Recently the MDE Attach capability was updated to include managing the MDE service on Linux, and MacOS, to provide a similar experience for configuring and managing the MDE service on these non-windows platforms. There are several questions that this new capability raises which I will attempt to address in this post.
Local File vs. Portal - What Wins?
If a Linux device has a local configuration file, mdatp_management.json, and is targeted by an MDE policy from the portal, then the portal’s policy will be applied over the local management file.
How is the policy applied/pushed to the device?

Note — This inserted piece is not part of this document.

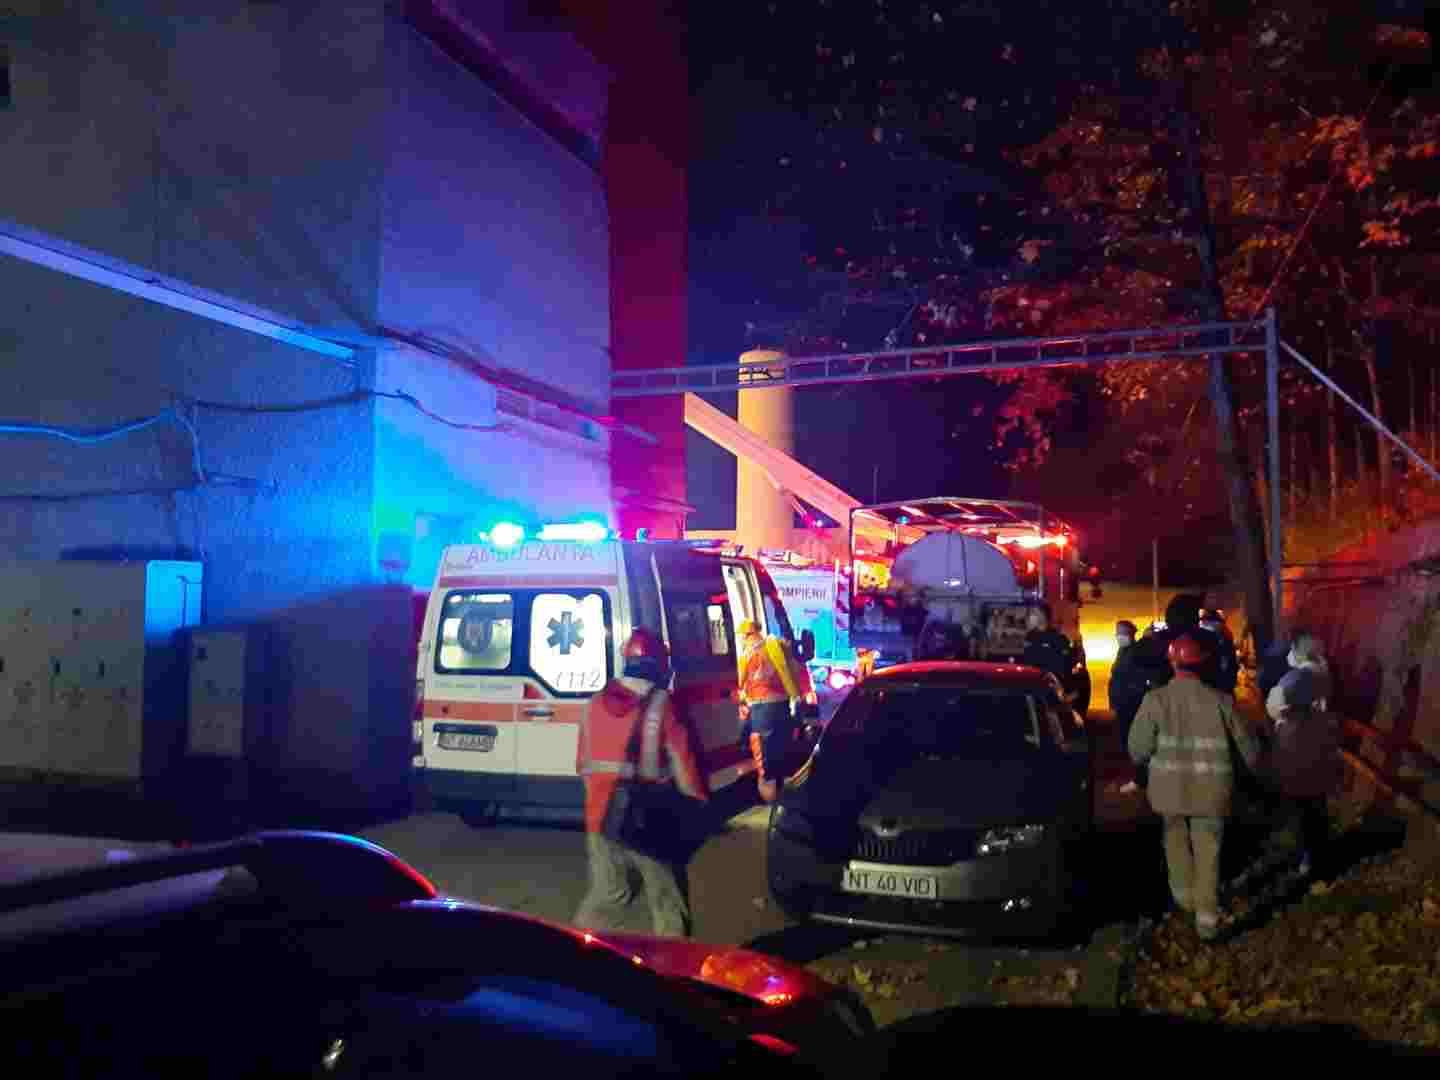  Medicul Cătălin Denciu și o asistentă s-au aruncat în flăcări pentru a salva pacienții din incendiul de la Spitalul Neamț. Au grave arsuri

On a Linux device in the /etc/opt/microsoft/mdatp/managed folder, the same location where the local configuration file was placed, a new mdeattach_managed.json will be created with the settings from the security portal. Based on comparing the two files they appear to use the same json format.
Can I layer policies?
No. If the machine is MDE managed it will NOT respect the local security policy file.
No policy targeting the device, but my local policy being ignored?
While writting this I found that once a device becomes MDE Attached it will communicate with the defender service and generate the mdeattach_managed.json file in the managed folder, this includes even if no policy is targeting the device. Since no policy is applied then the content of the file will only be {}, and as mentioned above once the mdeattach_managed.json file is present this will be the devices configuration. Because the policy file is essentially empty MDE will revert back to the default policy file /etc/opt/microsoft/mdatp/wdavcfg.